Because of the delay Gary Weaver, Jean Michel Vallete and myself took the opportunity to do a little fly-fishing yesterday.  We hired a guide and headed to an amazing river just a few miles from the end of the road.  Our guide told us that just ahead was the terminus of the road to southern end of the Americas.  From there one would have to walk one or two days to reach the most southern tip of the continent. This area is so rich with the history of exploration. In addition to seeing quite a number of old and abandoned ships, we drove past the grave of the Captain of  The Beagle, Charles Darwin's ship during his exploration to the South America and the Galapagos. But back to fishing.  A beautiful sunny day, a peaceful river, lots of falcons, kingfishers, finches and an endless number of ocean birds flying overhead, no other people around.  A sportsman dream come true.  If only we caught something bigger than a french fry.  Jean Michel did catch one pretty good size trout and I am sure it will continue to get bigger in the future as he tells the story to his family and friends. 
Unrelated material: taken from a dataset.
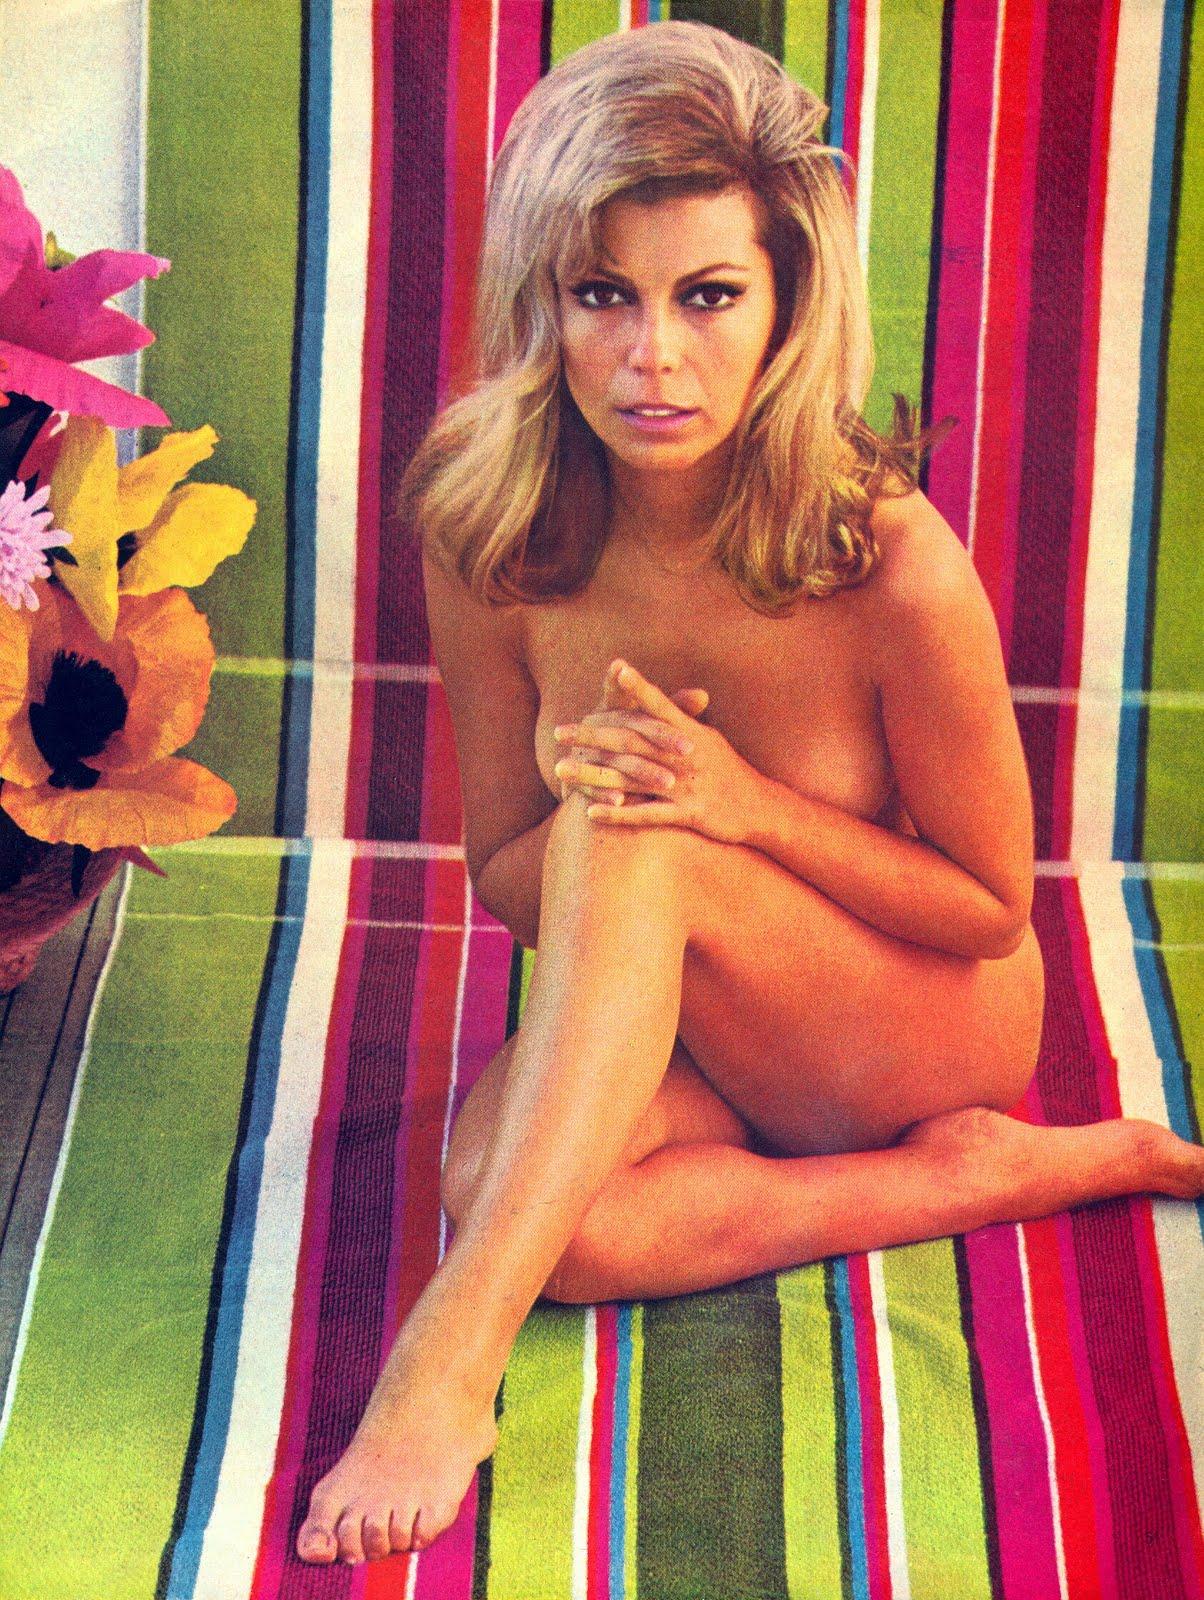 Nancy sinatra nude playboy pictures, kiki klement free video orgasm

Hope all are well.  Neil McCarthy

#2 January 5, 2002.  Punta Arenas, Chile.
Hello Friends,

Our morning run was just the ticket to build a great appetite. With that to motivate us, we ran the breakfast bar at our hotel out of food. And then it was off to view penguins in their natural habitat. The photogenic Magellanic penguins that dwell on the tip of South America are ground burrowers. So we were delighted to discover that they are not at all shy. Several modeled their striped tuxedos with pride while fluffy fledglings looked on. Quite a rewarding outing.
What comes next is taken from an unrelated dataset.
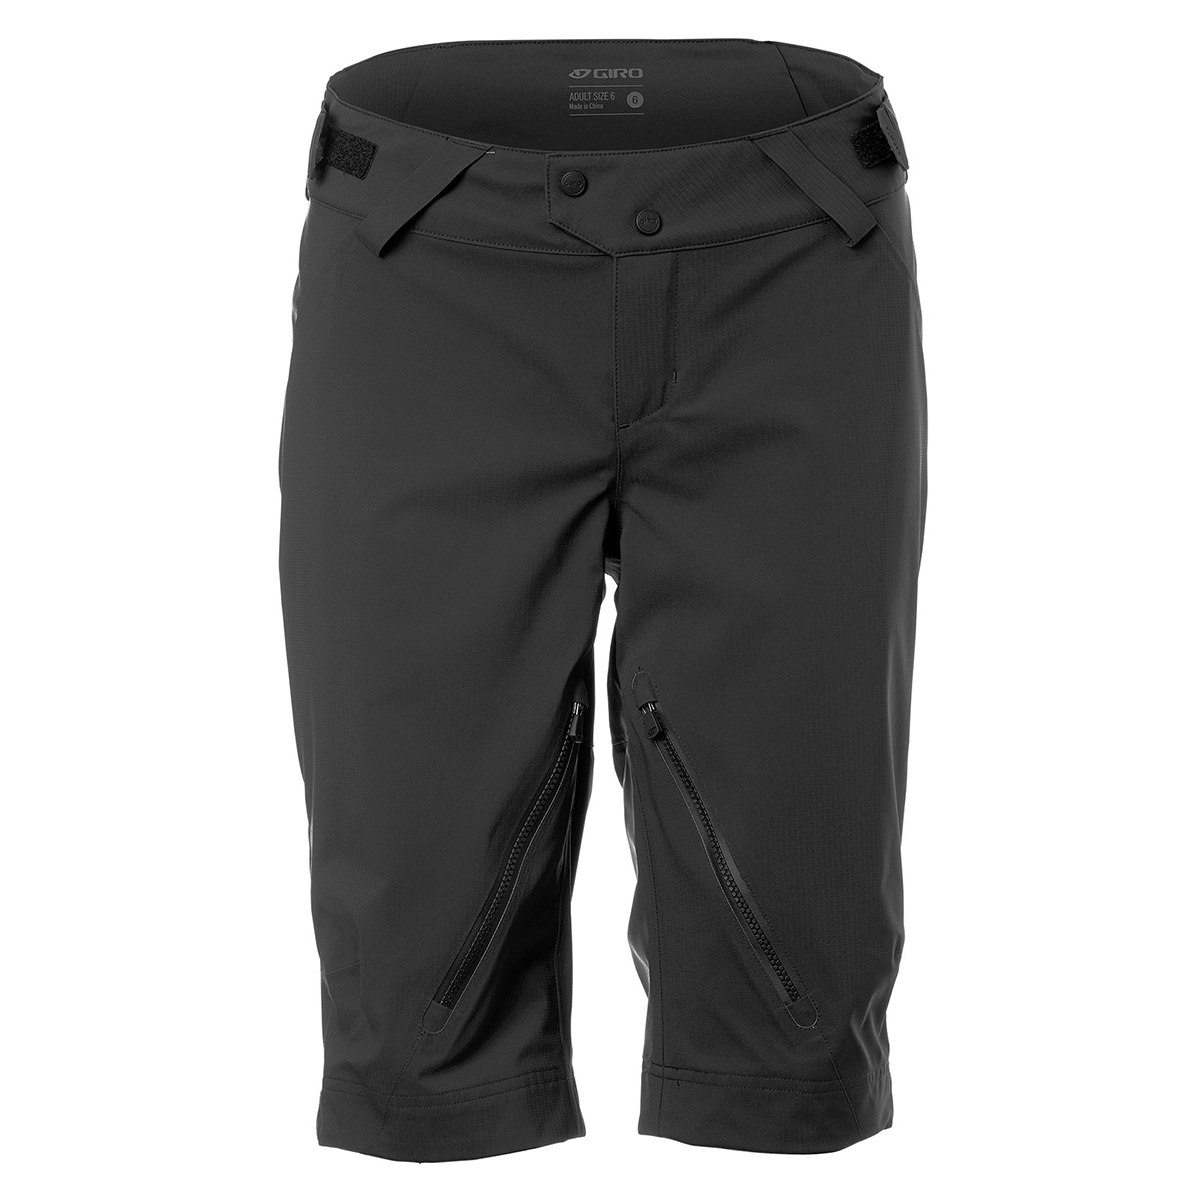 Giro Havoc H2O Women's Short - Black

Part of the team decided to test the waters with rod and reel as we wait for an improvement in the weather. Happily there has been some improvement and our spirits are high. Our Kazakhstan (Russian) team members have challenged the rest of us to join them at 6:30am to train. Yarvand (Eric) is a highly regarded Soviet climbing coach so this should be very interesting.

Stay tuned, Vern Tejas

#1 January 3, 2002.  Punta Arenas, Chile.
Hello Cybernauts

This is Vern Tejas reporting for Alpine Ascents International for our Mt. Vinson climbing team. We are now fully assembled and ready to go. Currently we are in the Southern port city of Punta Arenas, Chile. This is the traditional "Jump off" city for explorers bound for Antarctica. So after a very thorough orientation from our flight service this morning, we strolled to the plaza to immerse ourselves more fully in this tradition.

The plaza is a tree lined quadrant that the city life revolves around. In the center of the park stands a monument to early exploration of Patagonia and there is a large statue of one of this areas indigenous people. Sailors and other adventurers have made a habit of kissing the toe of this brass Indian in hopes that it will give them the luck required to return from Antarctica....needless to say, we kissed it profusely.

Now, with a little luck and some cooperation from the weather at our next destination, Union Glacier Antarctica, our adventure will begin. The team is fit and all are experienced in glacier travel which combined with good sense of humor makes for a fine fun group. I'm truly looking forward to this experience.